Human rights claims are an increasingly common occurrence for Canadian employers. Employees or former employees can initiate these claims at little or no cost in most Canadian jurisdictions (the various provinces, territories, or the federal sphere).
An employer must defend human rights claims to avoid an award of damages or other orders. That can be costly. And in most cases, an unsuccessful employee isn’t responsible for paying any of the defense costs.
The low cost of filing and the lack of a gate-keeping procedure at most Canadian human rights agencies dealing with claims or complaints are major reasons. Claims can be filed that have no chance of success. Such claims often occur when the employee doesn’t understand what is needed to justify a finding of discrimination. In a recent decision, the Human Rights Tribunal of Ontario observed as follows:
It is evident that the parties are engaged in a number of work-related disputes and that the applicant feels that he has been treated unfairly by the respondents and his union. The Tribunal, however, is not a panacea for workplace disputes and general allegations of unfairness. The Tribunal’s authority is to determine whether there has been discrimination on a ground prohibited by the Code or a reprisal for asserting one’s Code rights. (Reid v. Molson Coors Canada, 2011 HRTO 427)
Some provinces have introduced methods to quickly and summarily dismiss claims that have no reasonable prospect of success.
British Columbia: A party responding to a human rights complaint may request an early dismissal of all or part of it. This can happen when the acts or omissions alleged in the complaint don’t contravene the Human Rights Code. It also can happen when there is no reasonable prospect that the complaint will succeed (Section 27 of the British Columbia Human Rights Code). The Human Rights Tribunal may dismiss the claim without a hearing or schedule a summary hearing to decide the issue.
The Tribunal has said that in a Section 27 dismissal application it won’t just consider whether there is a mere chance the complaint will succeed. Nor does it need to find that the complaint is certain to succeed. Rather, the Tribunal’s role is to assess whether, based on all the material before it, and applying its expertise, there is a reasonable prospect the complaint will succeed.
At a Section 27 hearing, the employee must establish a connection between the ground of discrimination relied upon and the alleged mistreatment by the employer. A complaint may be dismissed if the responding party can establish that the complainant has no reasonable prospect of being able to establish such a connection.
In 2011 thus far, the British Columbia Human Rights Tribunal has reviewed 18 employment-related applications to dismiss. The complaint was dismissed summarily in seven of the 18 decisions.
Ontario: In July 2010, the Human Rights Tribunal of Ontario introduced a new summary hearing procedure. The Tribunal may hold a summary hearing on its own initiative or at the request of a responding party. The hearing is to address the question of whether there is any reasonable prospect that the application or part of the application will succeed.

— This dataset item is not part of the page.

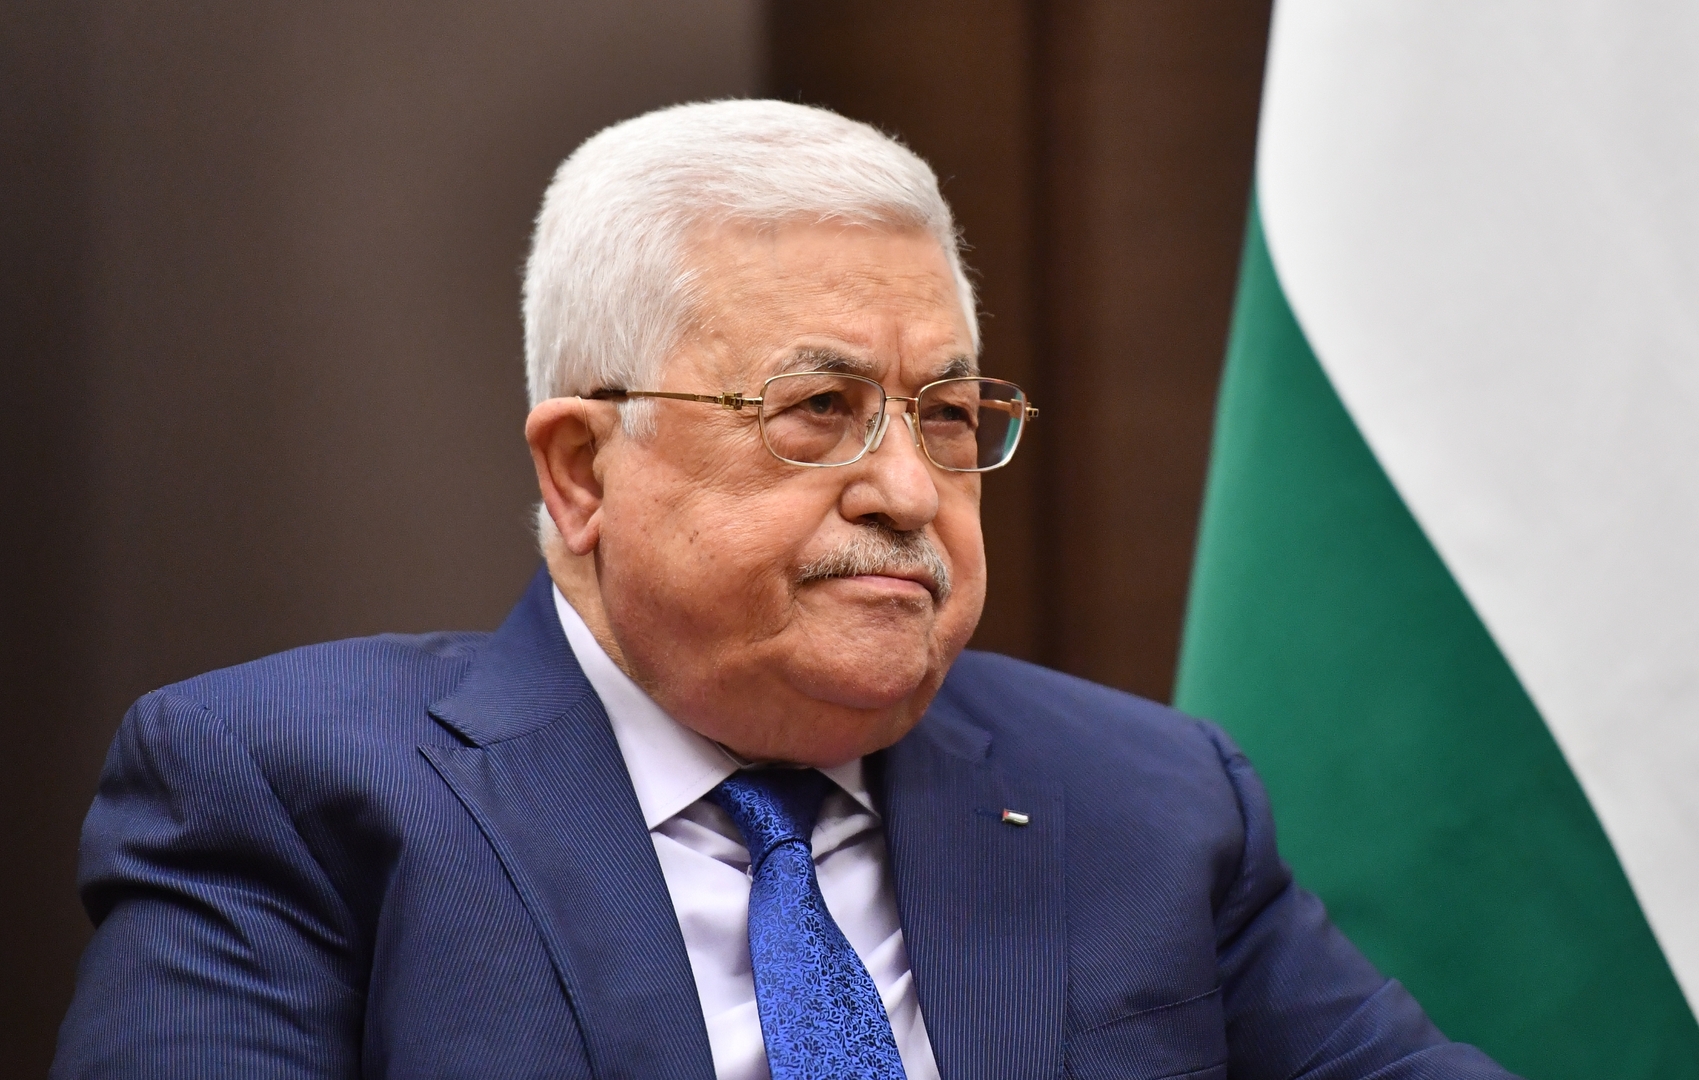 السفير الفلسطيني يكشف العائق أمام زيارة عباس إلى موسكو

In some cases, the Tribunal will direct the respondents to refrain from filing a defense until the outcome of the summary hearing has been determined, thus saving the respondents the cost of preparing a full defense.
The September 2010 decision of Dabic v. Windsor Police Services sets out the two types of issues that will typically be addressed at a summary hearing:
- Whether, assuming all the allegations in the application are true, the applicant has a reasonable chance of success. The focus here is on the legal issue of whether the applicant’s allegations could be considered to be a violation of the Code; and
- Whether or not the applicant could reasonably show that his or her Code rights were violated. The focus here is on whether there is a reasonable prospect that the applicant can show a link between the alleged events and the prohibited grounds of discrimination.
In the 16 employment-related summary hearing decisions published so far in Ontario, 15 of the applications were dismissed.
Summary hearings can be an effective cost-saving measure for employers faced with human rights complaints that seem to be completely without merit. In some provinces, decisions can be rendered without a hearing. In others, hearings are short (half a day or a day), fast, and expedient (often by teleconference). Document disclosure may be limited.
Given the success of the summary hearing procedure in British Columbia and Ontario, it is expected that a similar process will be developed in all jurisdictions across Canada in the future.
If you, as an employer, are faced with a human rights complaint that seems groundless, ask your lawyers whether this option is available to you.